The spatial aspect of our model is mainly reflected in the way the mixture coefficients are spatially regularized. Loosely speaking, this is about modelling spatial “spheres of influence” of our HPM prototypes (spatial fields). Essentially, there are two classes of approaches: 1) the random field approach and 2) the basis function approach. The difference in these two approaches has already been highlighted in the Introduction section. Both our approach and the one presented in Flandin and Penny (2007) are two examples of the 2nd class, but differ subtly. This is because a set of fixed basis functions, i.e. wavelet functions, is used in Flandin and Penny (2007), whereas we estimate those basis functions from the data. The basis functions have a canonical form, namely a three-dimensional Gaussian. The advantage of our approach is that it would allow us to naturally incorporate prior knowledge. Similar problems were encountered in the semi-parametric approach to HRF modelling (Woolrich et al., 2004a), in which non-sensible HRFs could be produced. In Gershman et al. (2011), three-dimensional Gaussians with isotropic covariance matrices are used, which would introduce severe restriction on the shape of “region of influence”. Thus, full covariance matrices are used for the prototypes in our model. An extension to using more complicated spatial basis functions, as those proposed in Friman et al. (2003), is straightforward.

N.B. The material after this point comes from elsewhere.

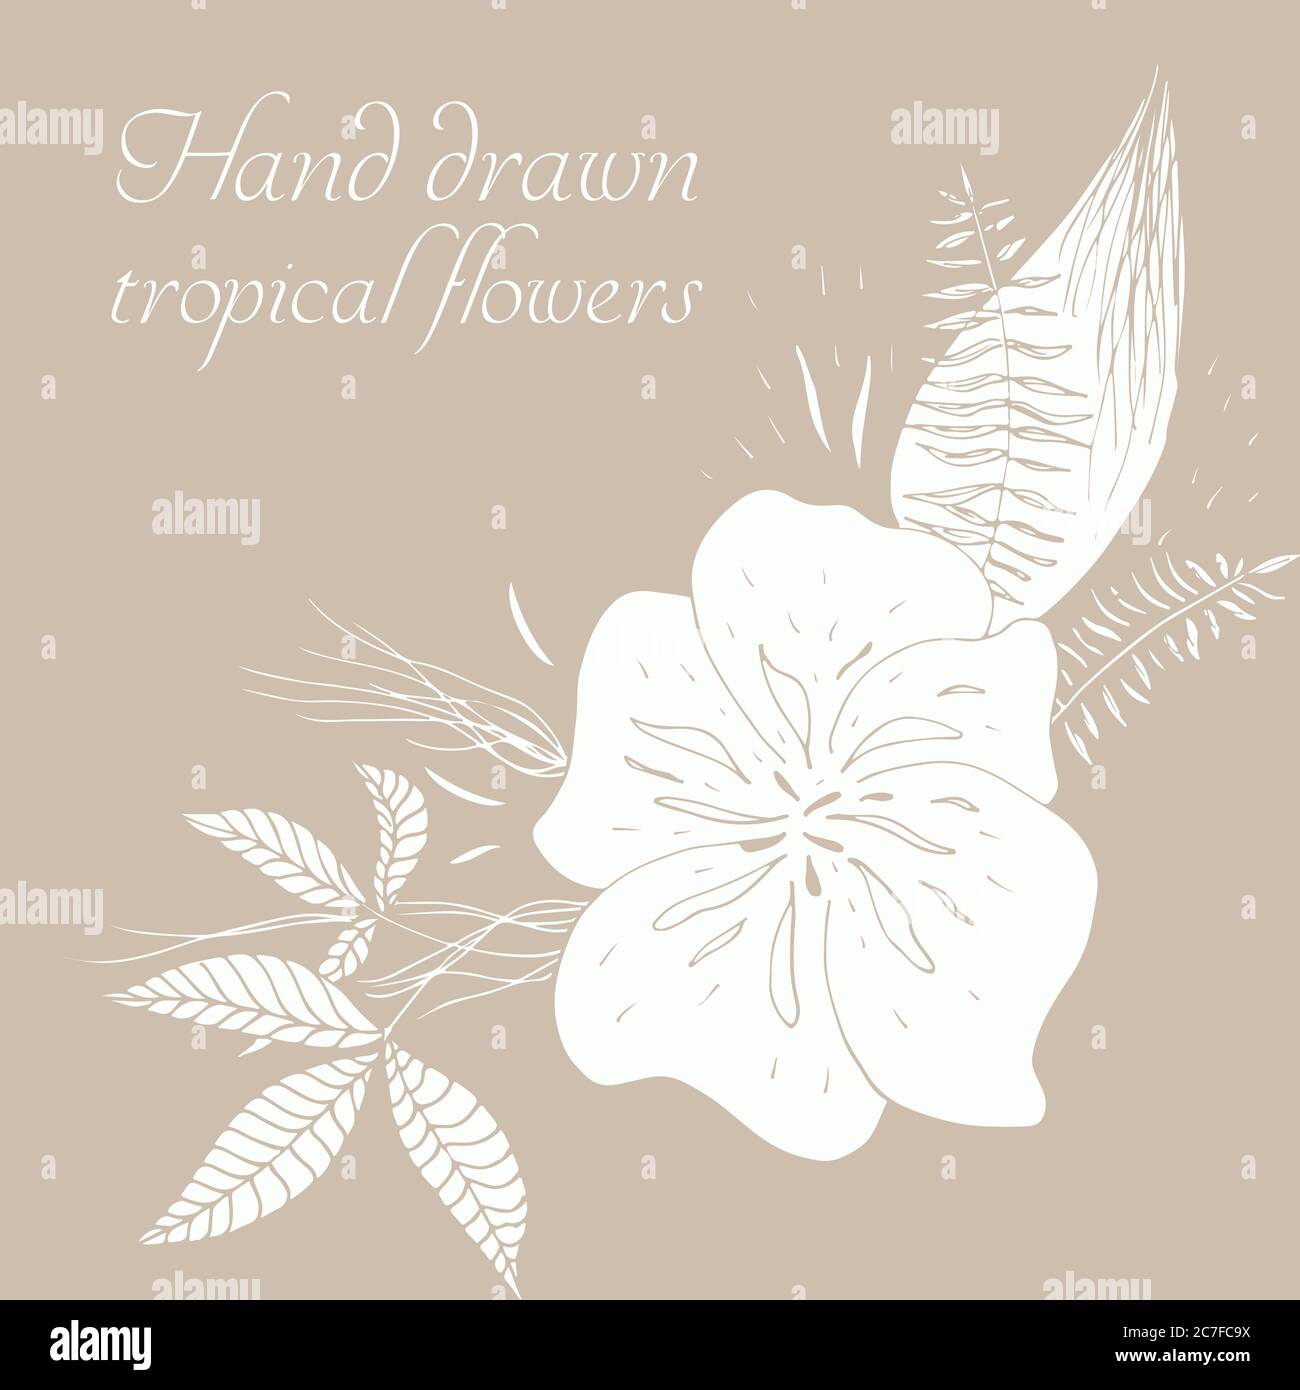 Vector composition of hand drawn tropical flowers, palm leaves, jungle plants, paradise bouquet. Floral illustration in sketch style. Summer backgroun Stock Vector

Most of the previous fMRI studies have focused on modelling the temporal dynamics of BOLD signals at short time scales while the inter-sessional variability is often considered as a random effect (van Gerven et al., 2008). However, it is of great interest to model this large-scale variability of haemodynamic responses in a more general setting. This would find applications in various areas. Two examples: (1) In cognitive science, it is known that learning changes BOLD signal responses to cognitive tasks (Duff et al., 2007, Mayhew et al., 2012). To understand the neural mechanisms that support improvements due to learning, those changes need to be interpreted consistently and specific hypothesis needs to be tested. (2) In clinical applications, it would be very helpful to select best treatment for individual psychiatric or neurological disorder patients if the brain response to treatment could be tracked and predicted (Guo et al., 2008). In both cases, it is advantageous to develop fMRI models that can account for the temporal correlations between BOLD signal responses across several sessions in a sequence. One challenging problem is how to deal with the increased computational burden. One solution is to select one or several representative voxels for each ROI, as it is often the case for group analysis or meta analysis of fMRI data. However, this may not provide a sufficient characterisation of BOLD signals across a single ROI. In contrast, the spatio-temporal prototypes derived from our fMRI model represent a sparse but yet sufficient characterisation of fMRI data within single ROIs.